» WORK TO BE COMPLETED
Give the listing below again exactly, but without any of its pictures.

» DATA
┄┄┄┄┄┄┄┄┄┄
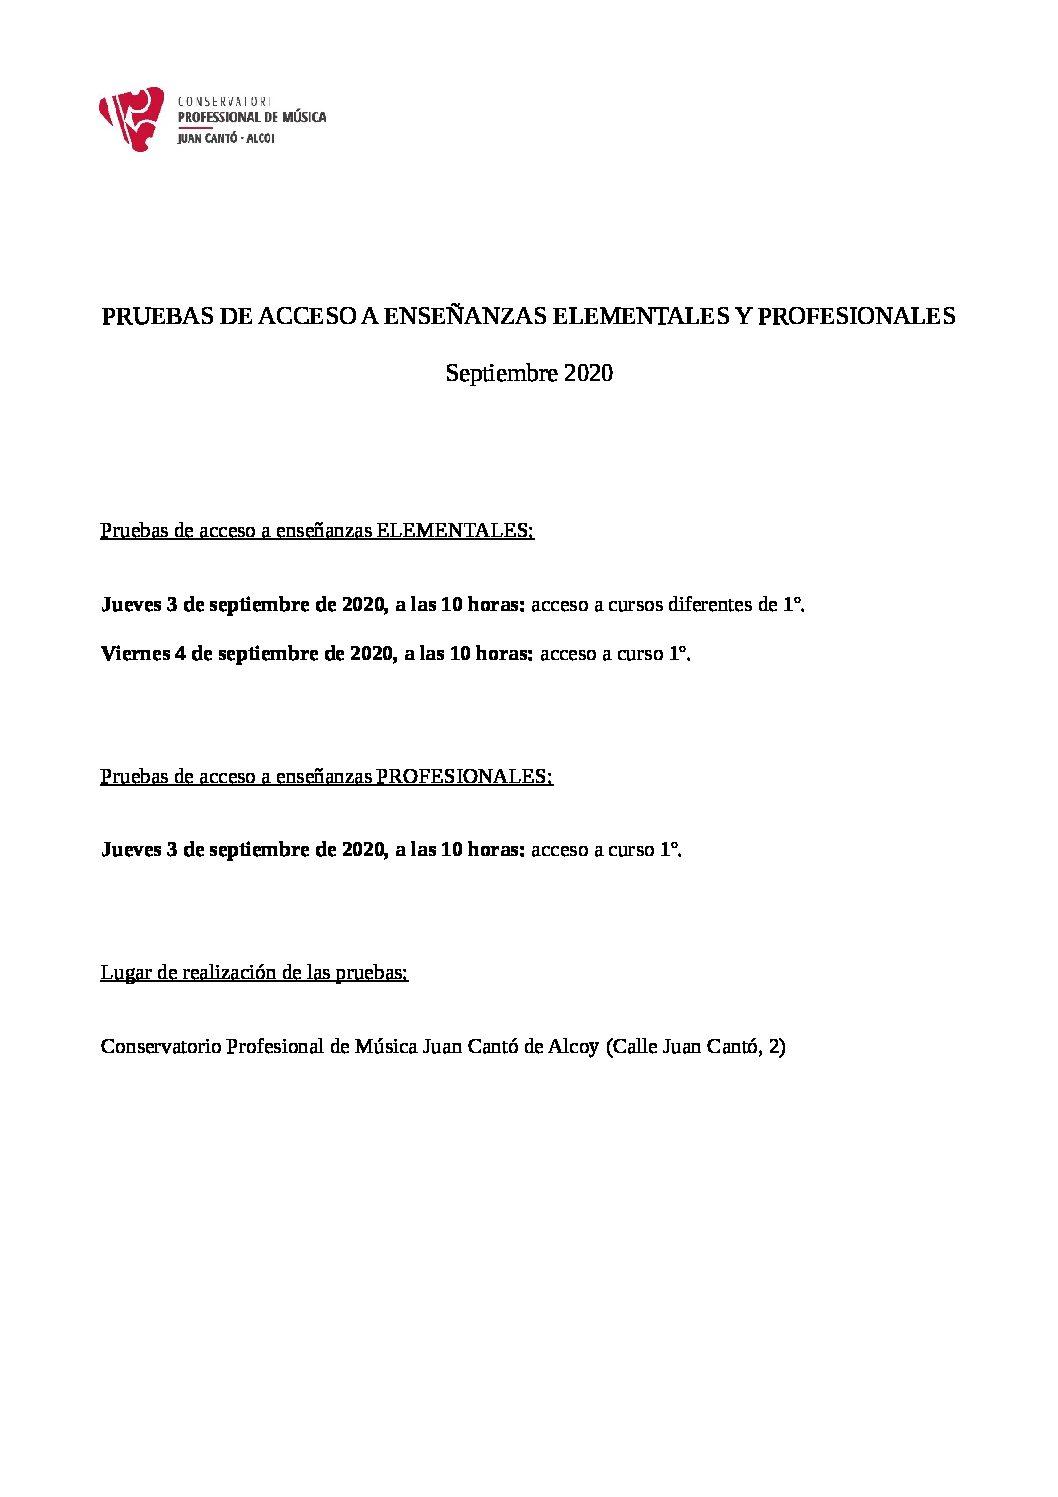 PRUEBAS DE ACCESO A ENSEÑANZAS ELEMENTALES Y PROFESIONALES (SEPTIEMBRE 2020)
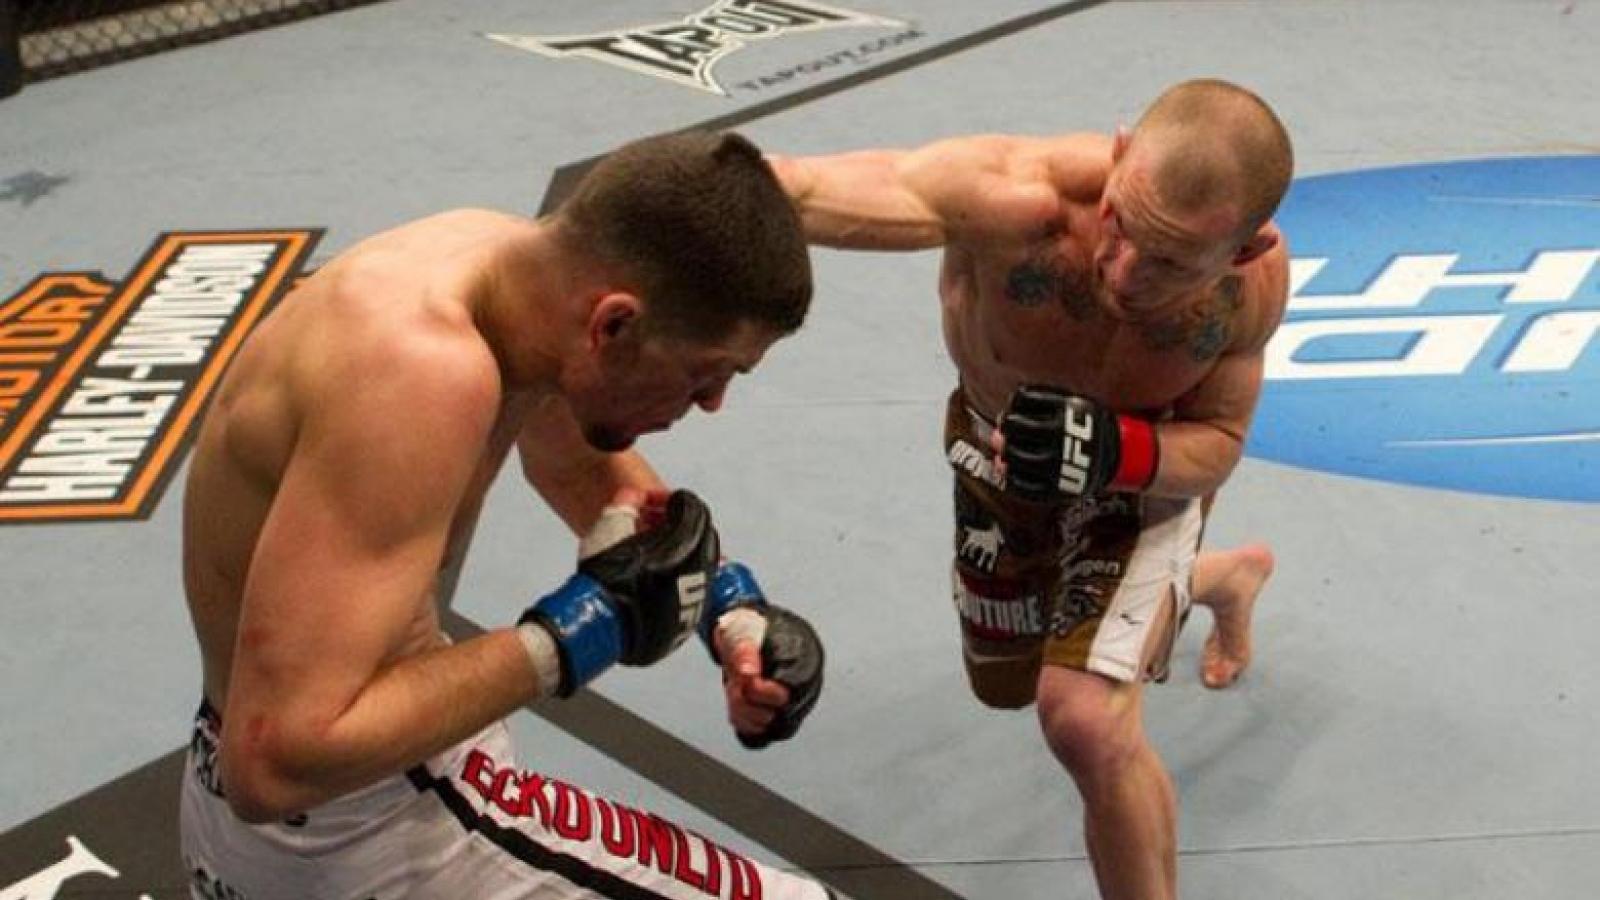 Võ sĩ hạ knock-out đối thủ sau chưa đầy 10 giây giao đấu
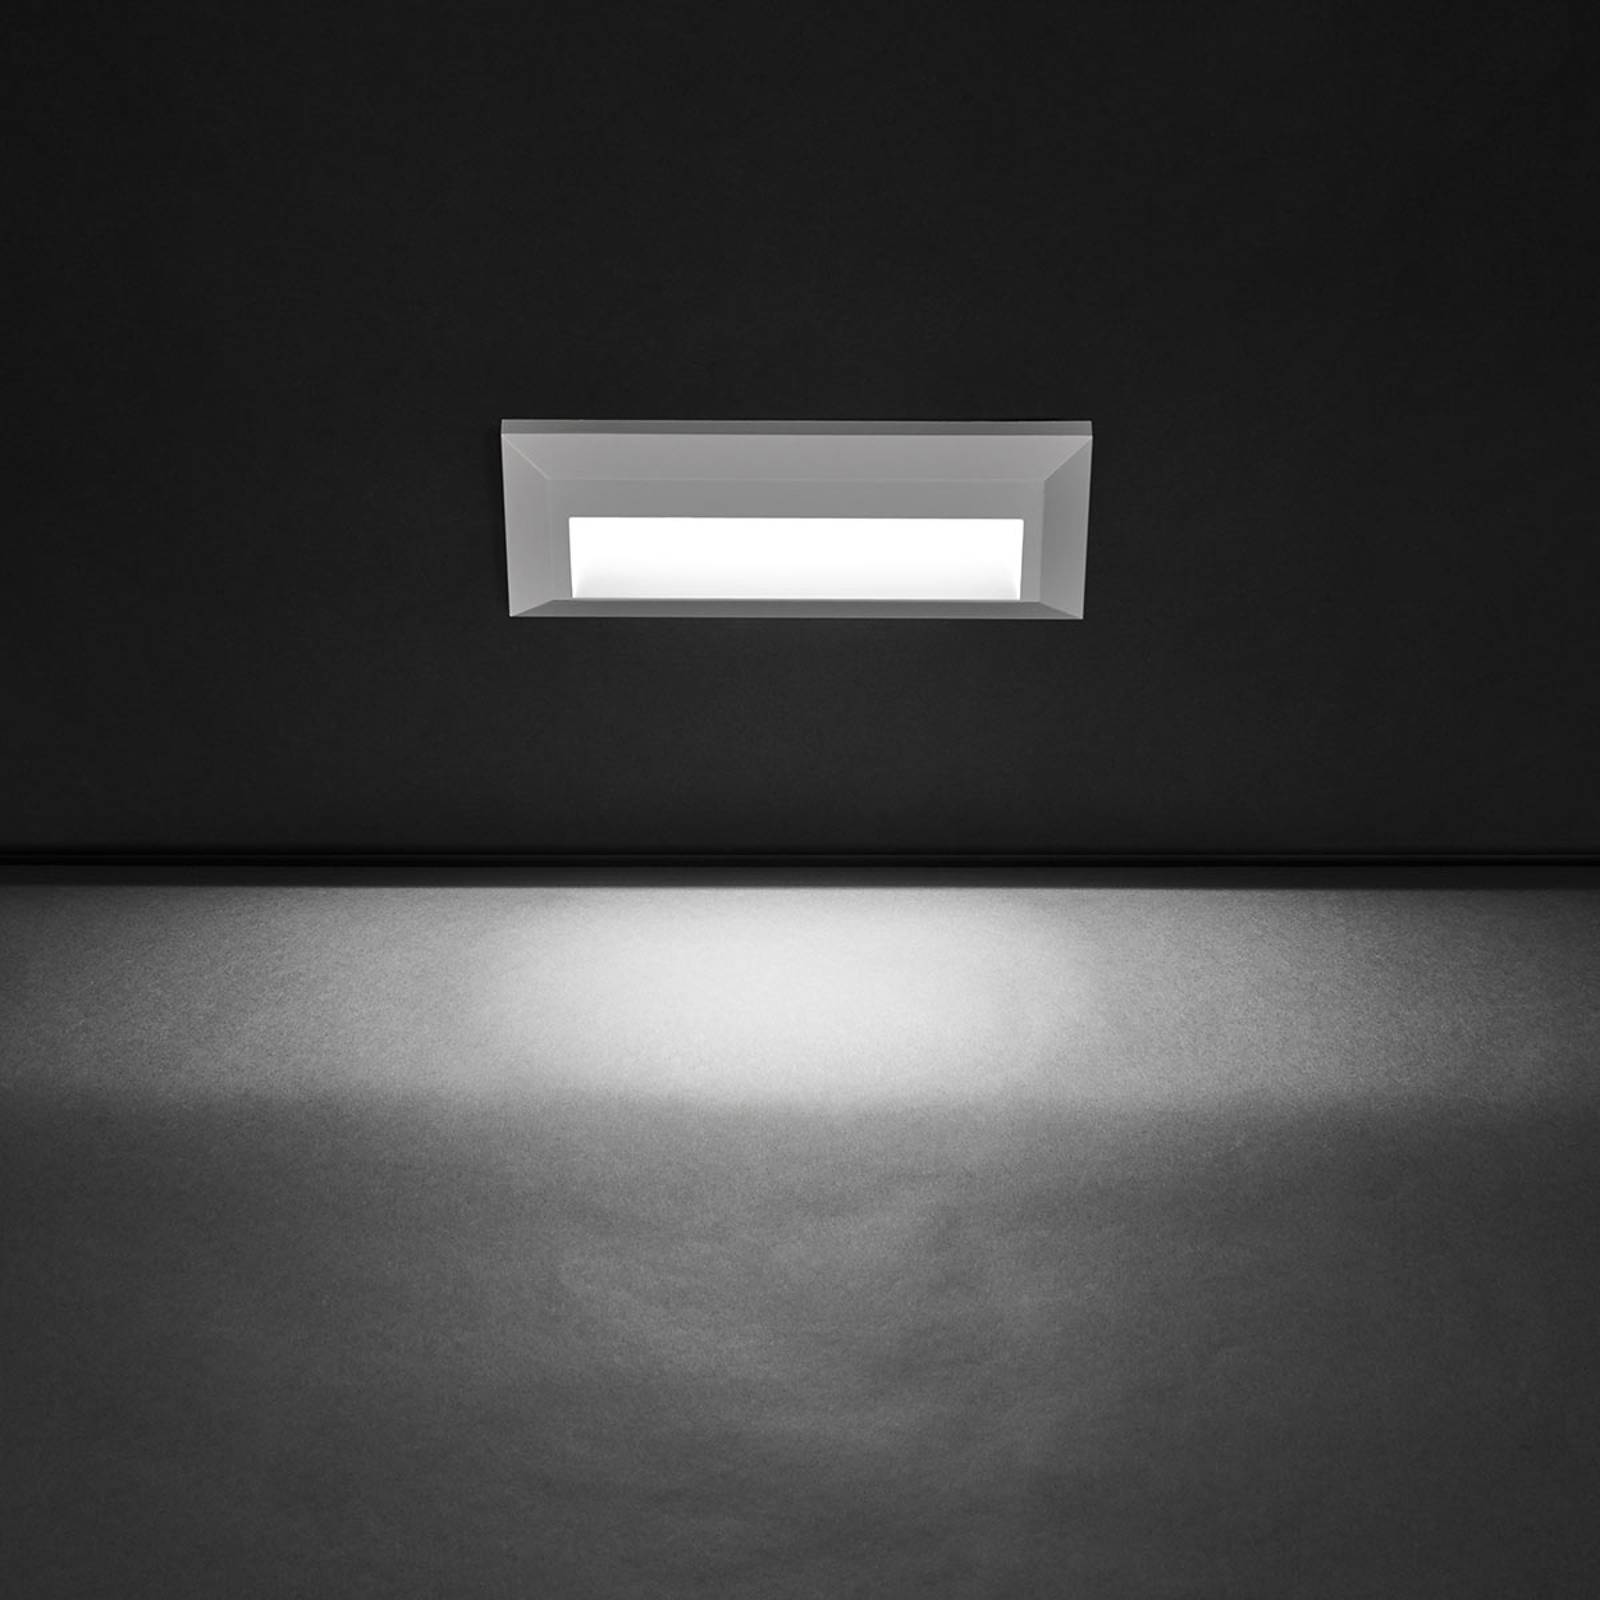 Laajasti valaiseva LED-ulkoseinälamppu Kössel
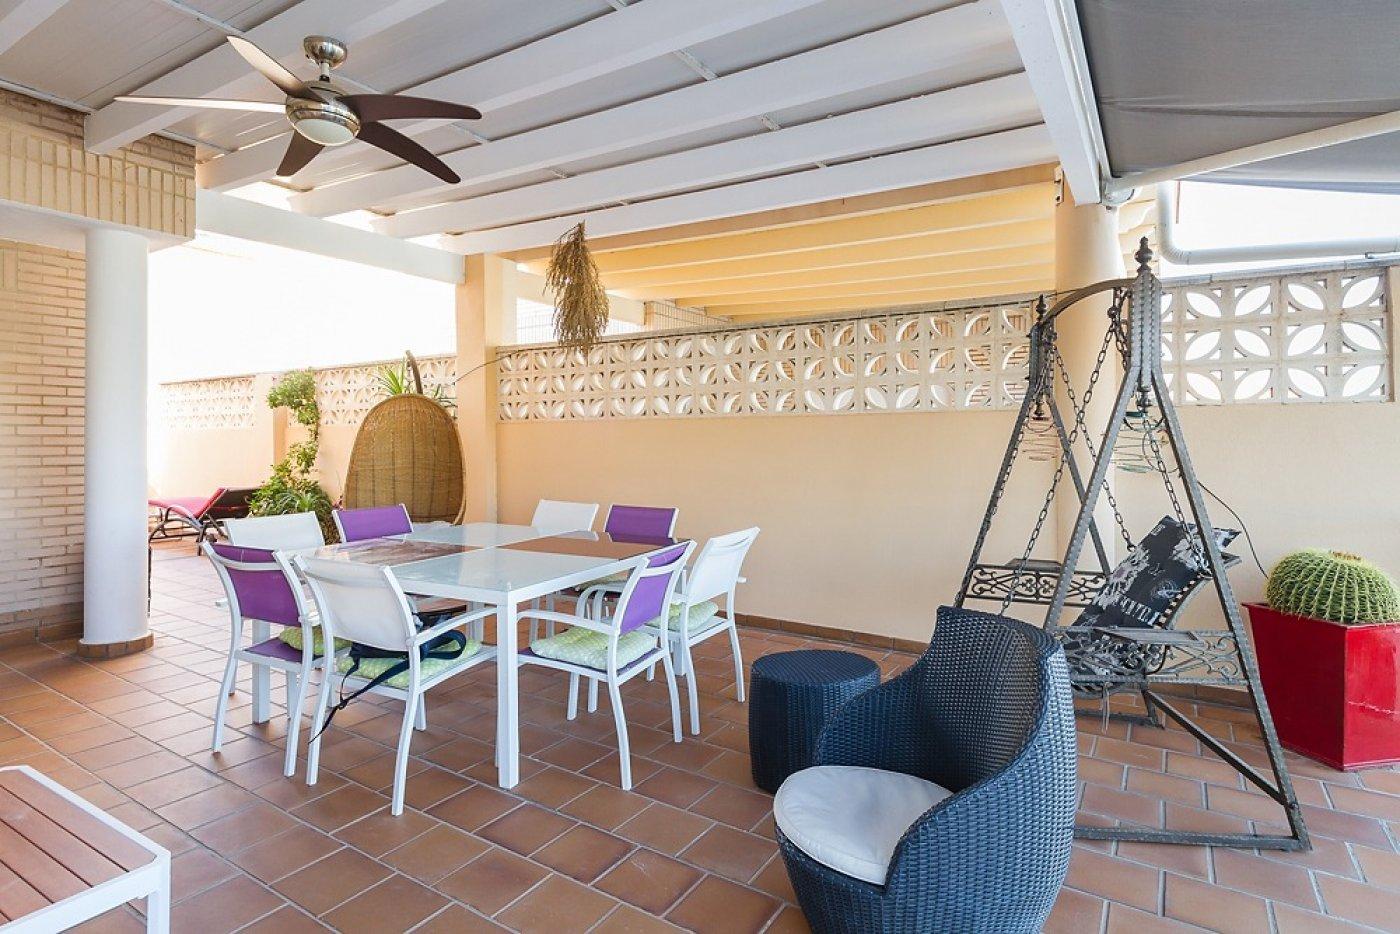 Fantástica casa de lujo en gandía con piscina, terraza y vivienda de inivtados. - imagenInmueble5
┄┄┄┄┄┄┄┄┄┄
» ANSWER TO THE EXERCISE
 PRUEBAS DE ACCESO A ENSEÑANZAS ELEMENTALES Y PROFESIONALES (SEPTIEMBRE 2020)
 Võ sĩ hạ knock-out đối thủ sau chưa đầy 10 giây giao đấu
 Laajasti valaiseva LED-ulkoseinälamppu Kössel
 Fantástica casa de lujo en gandía con piscina, terraza y vivienda de inivtados. - imagenInmueble5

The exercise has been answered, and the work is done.